Comparisons of short baseline multipath correction under moderate multipath environment indicate that for short span (next 5 days) both approaches perform similar well in the sense of residual variance reduction (50 % level). For longer span (next 6–25 days) the MHM and ASF models maintain roughly 45 % reduction level, while the reduction of SF model drops to 30 % level. Using accurate satellite-based repeat lag appears important for the SF model, in particular for longer span multipath reduction usage. Sparse sampling rate will reduce the residual variance reduction ratio of both MHM and ASF models. The major contribution of multipath reduction model to the baseline vector solutions is in ambiguity-free case. The improvements of the MHM and SF/ASF models to the baseline solutions are at the same level.

Under strong multipath environment, in particular with strong high frequency multipath variations, both MHM and ASF models are able to reduce most multipath effects. And the ASF model performs superior to the MHM model because the high frequency multipath effect varies significantly within a grid. Reducing the grid size can help the MHM model to absorb the high frequency multipath effect. However, it is practically hard to build the MHM model with very small grid size. Thus, the ASF model is more suitable for strong high frequency multipath environment, in particular for the high-rate sampling GNSS usage, for example the seismic wave detection.

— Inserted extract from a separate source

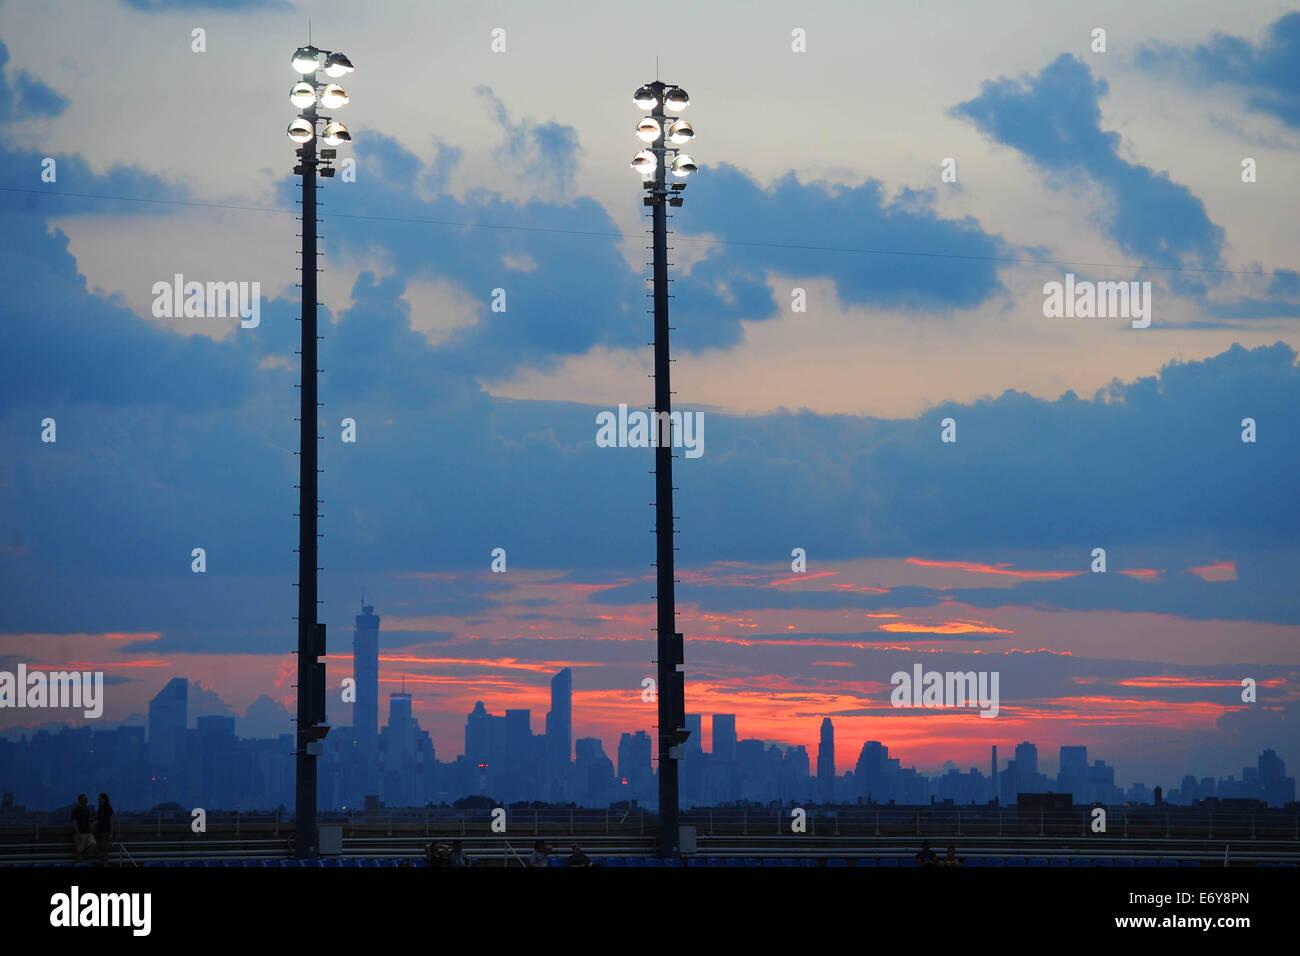 Flushing Meadows, New York, USA. 01st Sep, 2014. US Open tennis championships. The sun sets over Arthur Ashe stadium - Stock Image
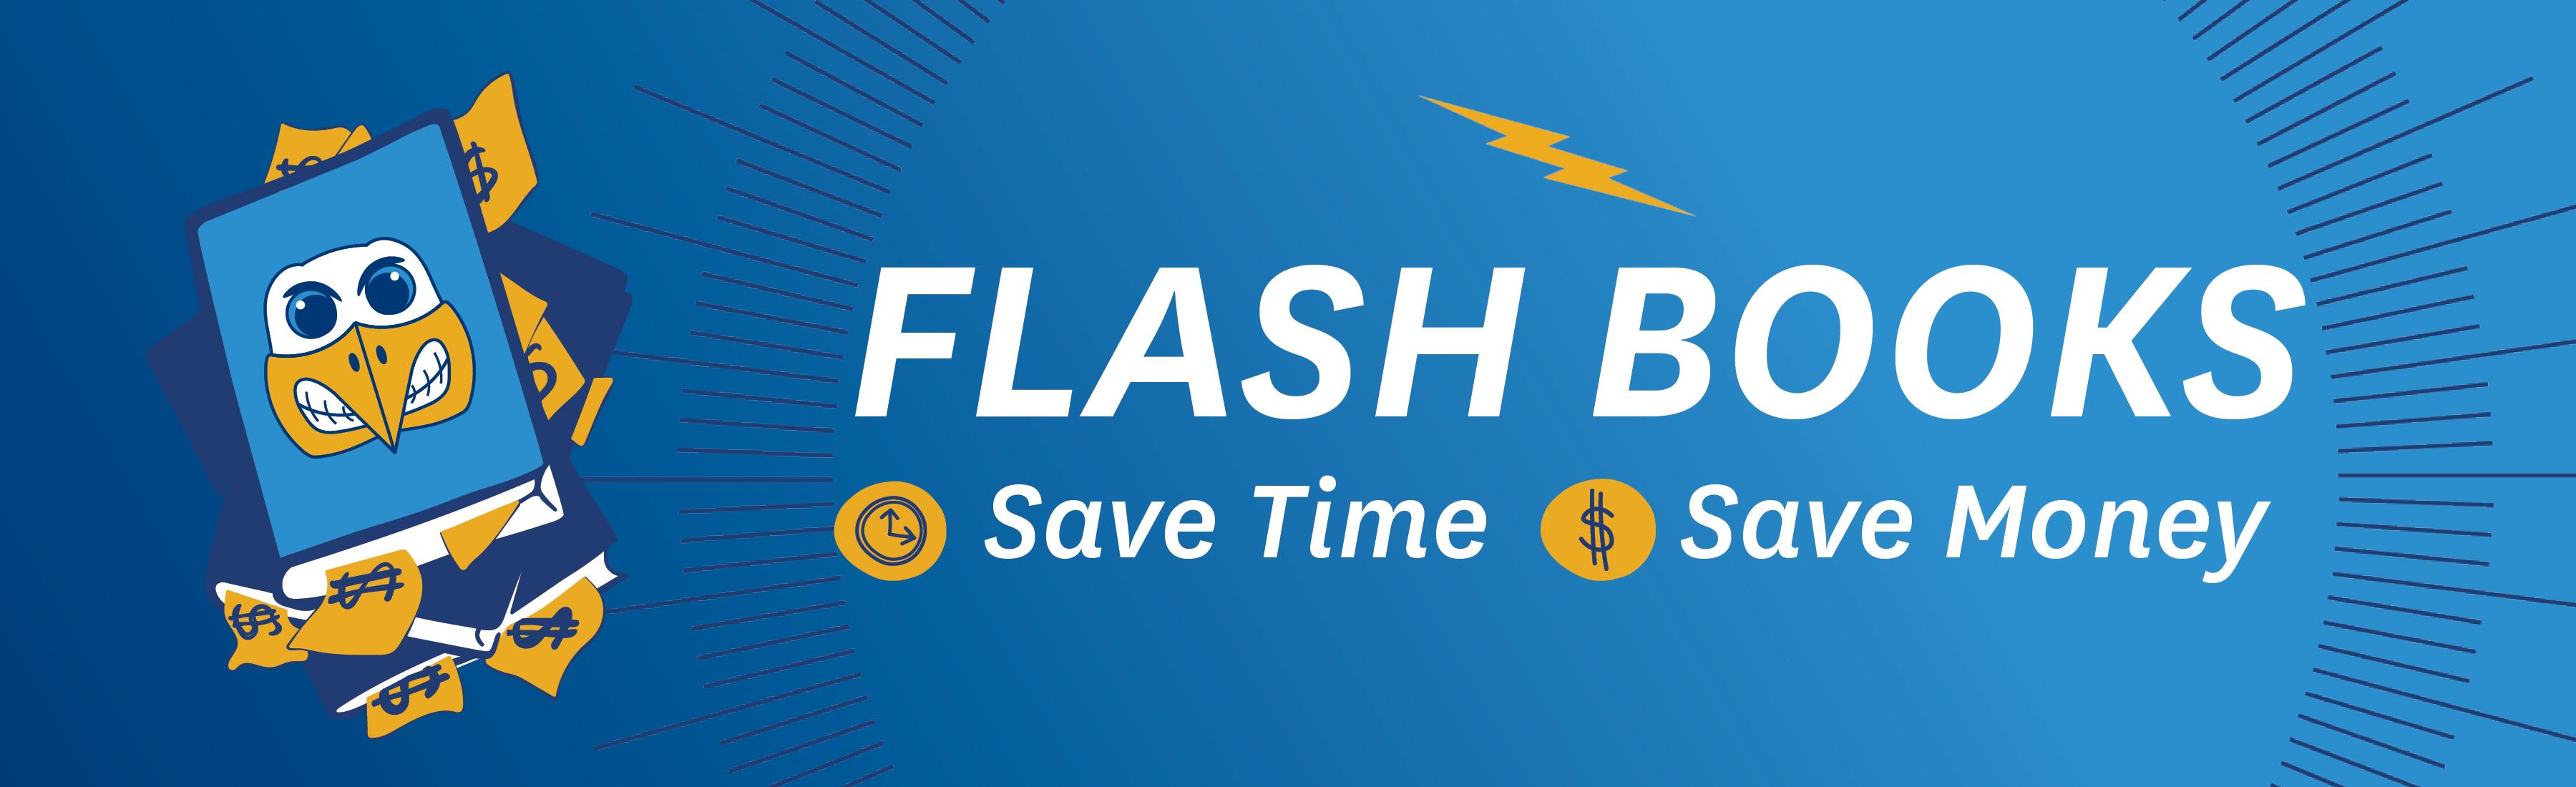 Flash Books Save Time Save Money

On the other hand, the MHM model is easier to implement in real-time multipath mitigation. It corrects the multipath effect directly based on the satellite orbital trace in the sky. It avoids to estimate the accurate repeat period of each satellite and to check if the satellite undergoes orbital maneuver in real time. The parameter number of the MHM model is much smaller. Based on the Akaike Information Criterion (AIC) (Bozdogan 1987), both residual variance and adopted parameter number are considered to assess the models. Thus, the MHM model appears more suitable for real-time multipath mitigation. Although in this paper we present the multipath mitigation results of MHM and SF/ASF models for short baseline and phase observables, these spatiotemporal repeatability-based models can be extended to the cases of code observable and single station, if the satellite clock, receiver clock and other terms can be effectively solved. Considering the effectiveness and the broad usage for real-time multipath mitigation, the spatiotemporal repeatability-based methodology, in particular the MHM and ASF approaches, deserves further investigation.